Struggling semiconductor manufacturer Intel announced on Monday that its CEO Pat Gelsinger is retiring with an immediate effect. The news was well-received among investors, sending Intel’s stock up by 3.5% in pre-market trading.
Gelsinger took over as Intel’s CEO in 2021. At the time, the decision was received with praise, considering his status as a company veteran and experience in the industry. However, his tenure will likely remembered as one of the worst periods in the company’s history.
During Gelsinger’s time in charge, the chipmaker went from being an industry leader to being an afterthought in the market focused on artificial intelligence chips dominated by rival Nvidia. The company’s stock also fell by more than 60% during that period and was removed from the Dow Jones Industrial Average, which lists the leading U.S. stocks.
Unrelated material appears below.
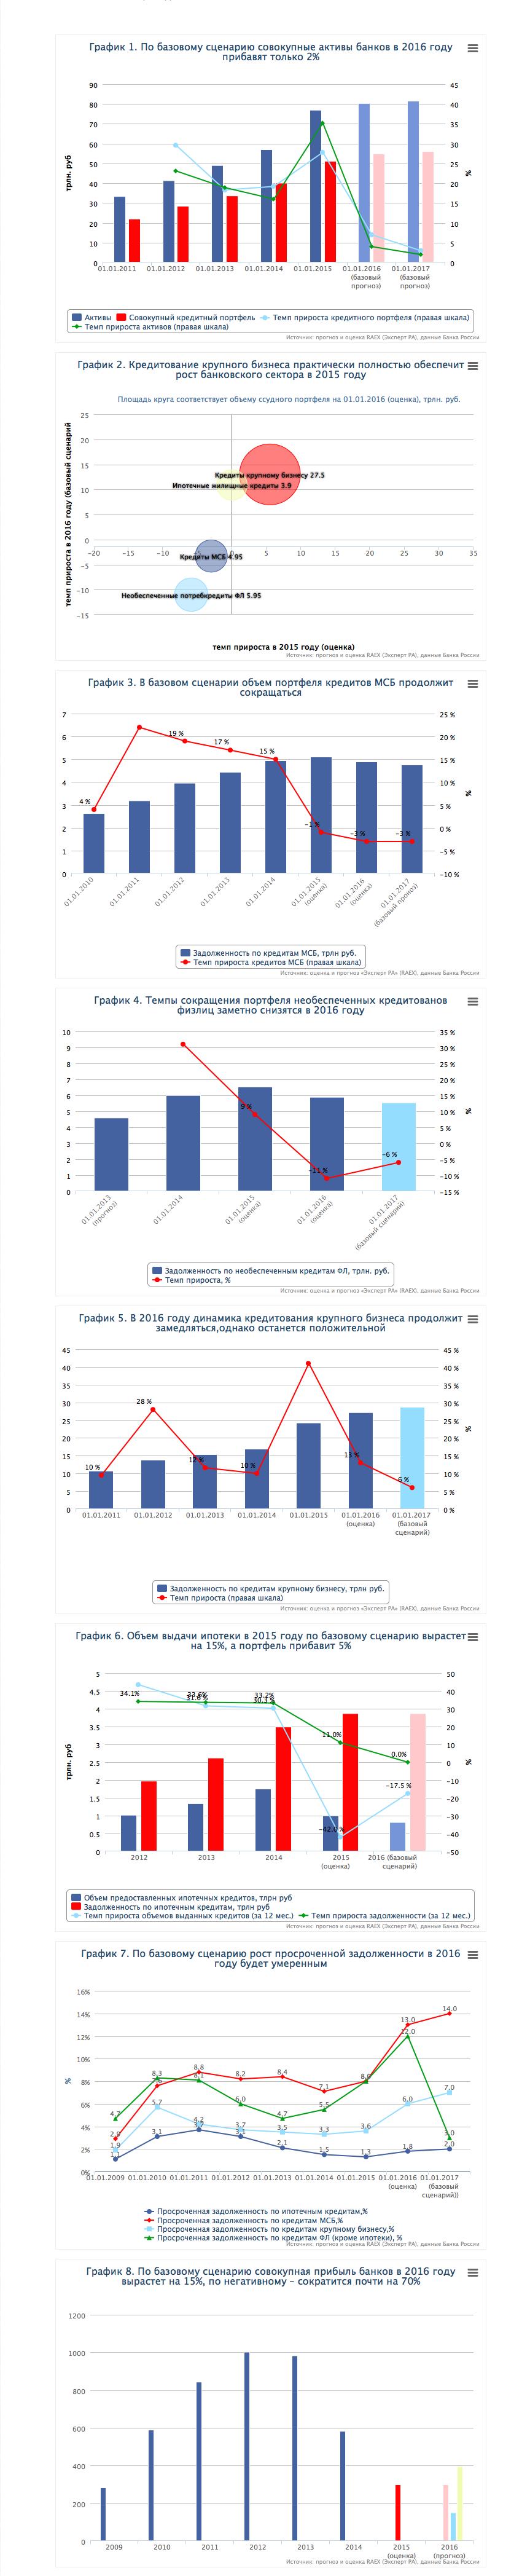 Сценарий развития банковского сектор
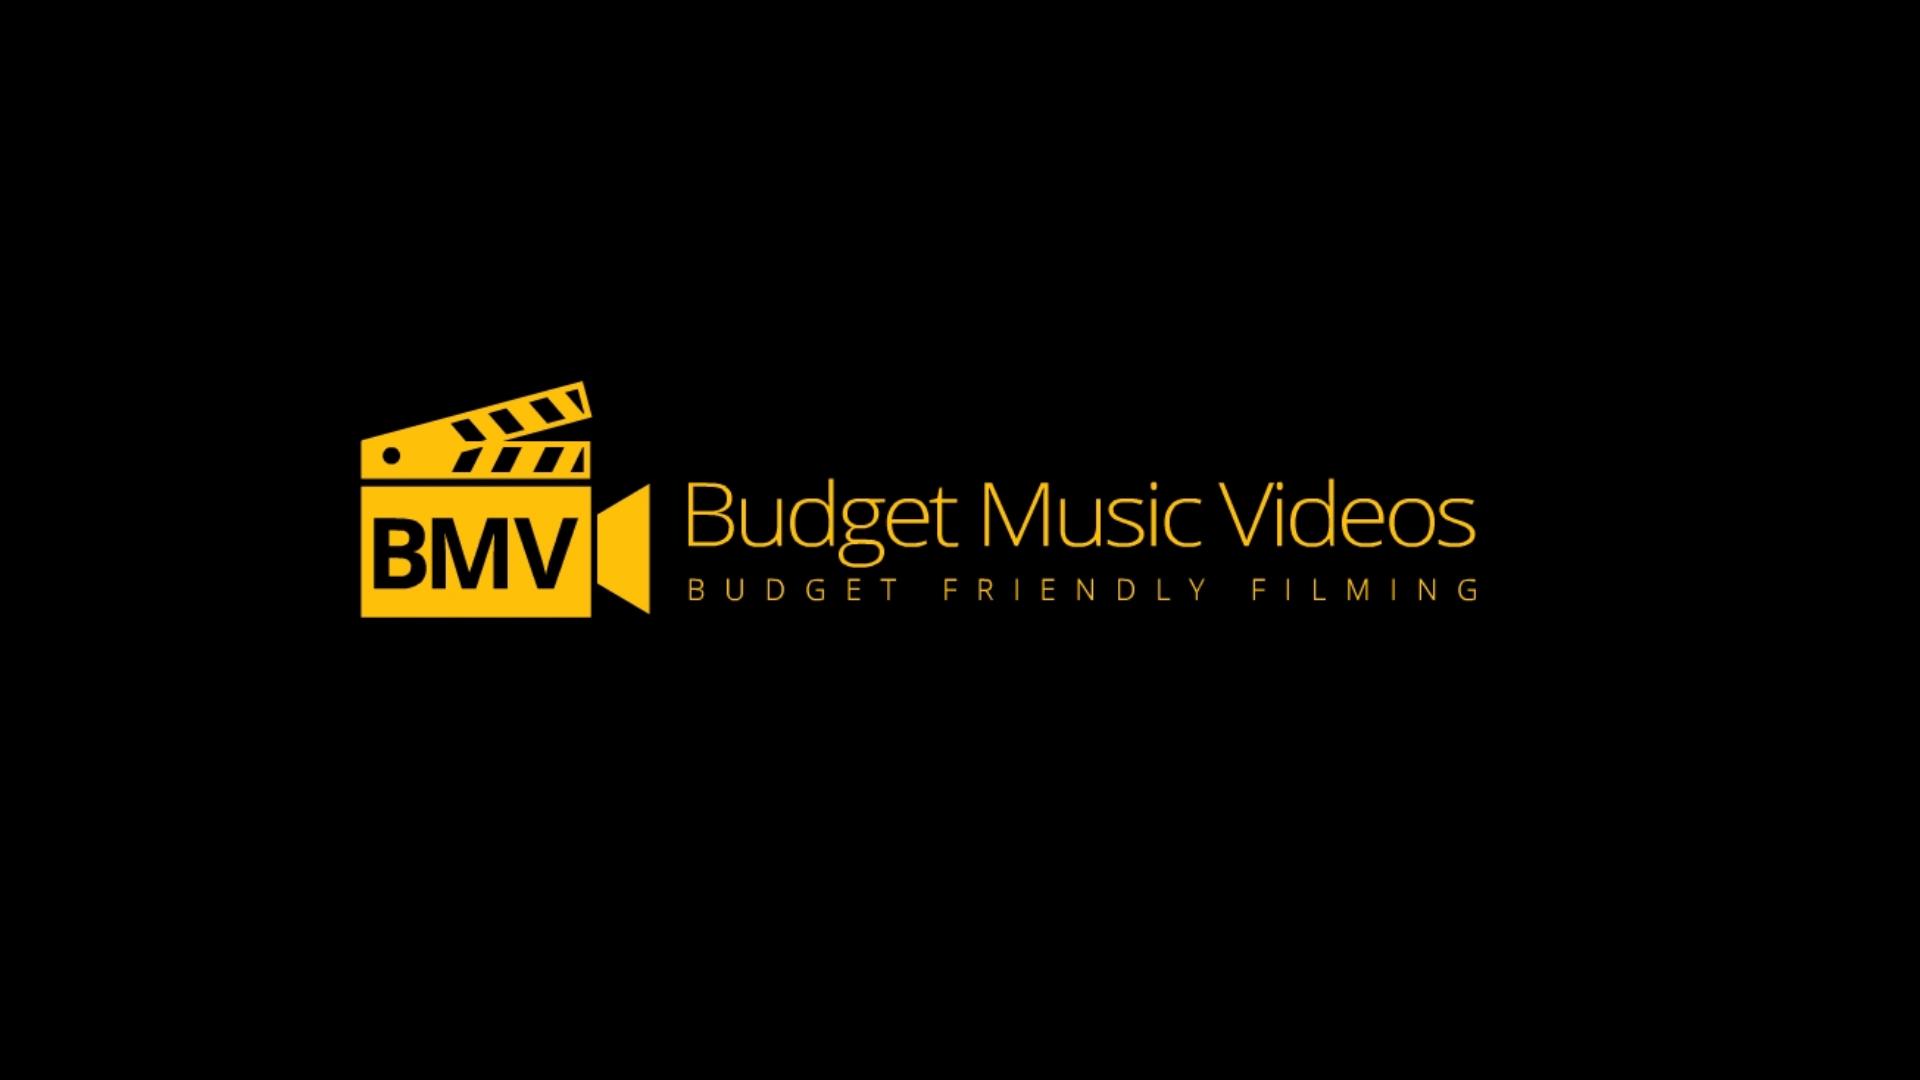 Budget Music Videos Logo

Intel will adopt a co-CEO structure for the time being, with David Zinsner, the company’s CFO, and Michelle Johnston Holthaus, CEO of the Intel Products division, taking over on an interim basis. Meanwhile, the company’s board already started the search for a new permanent CEO.
“While we have made significant progress in regaining manufacturing competitiveness and building the capabilities to be a world-class foundry, we know that we have much more work to do at the company and are committed to restoring investor confidence,” interim executive chair Frank Yeary said in a statement. “We are working to create a leaner, simpler, more agile Intel.”
Intel previously made several moves in an attempt to turn around its performance. It reduced its workforce by 15% and initiated several other cost-cutting measures, struck a five-year deal with AWS, and revealed plans to set up its Intel Foundry as an independent subsidiary. However, these moves have yet to yield positive results.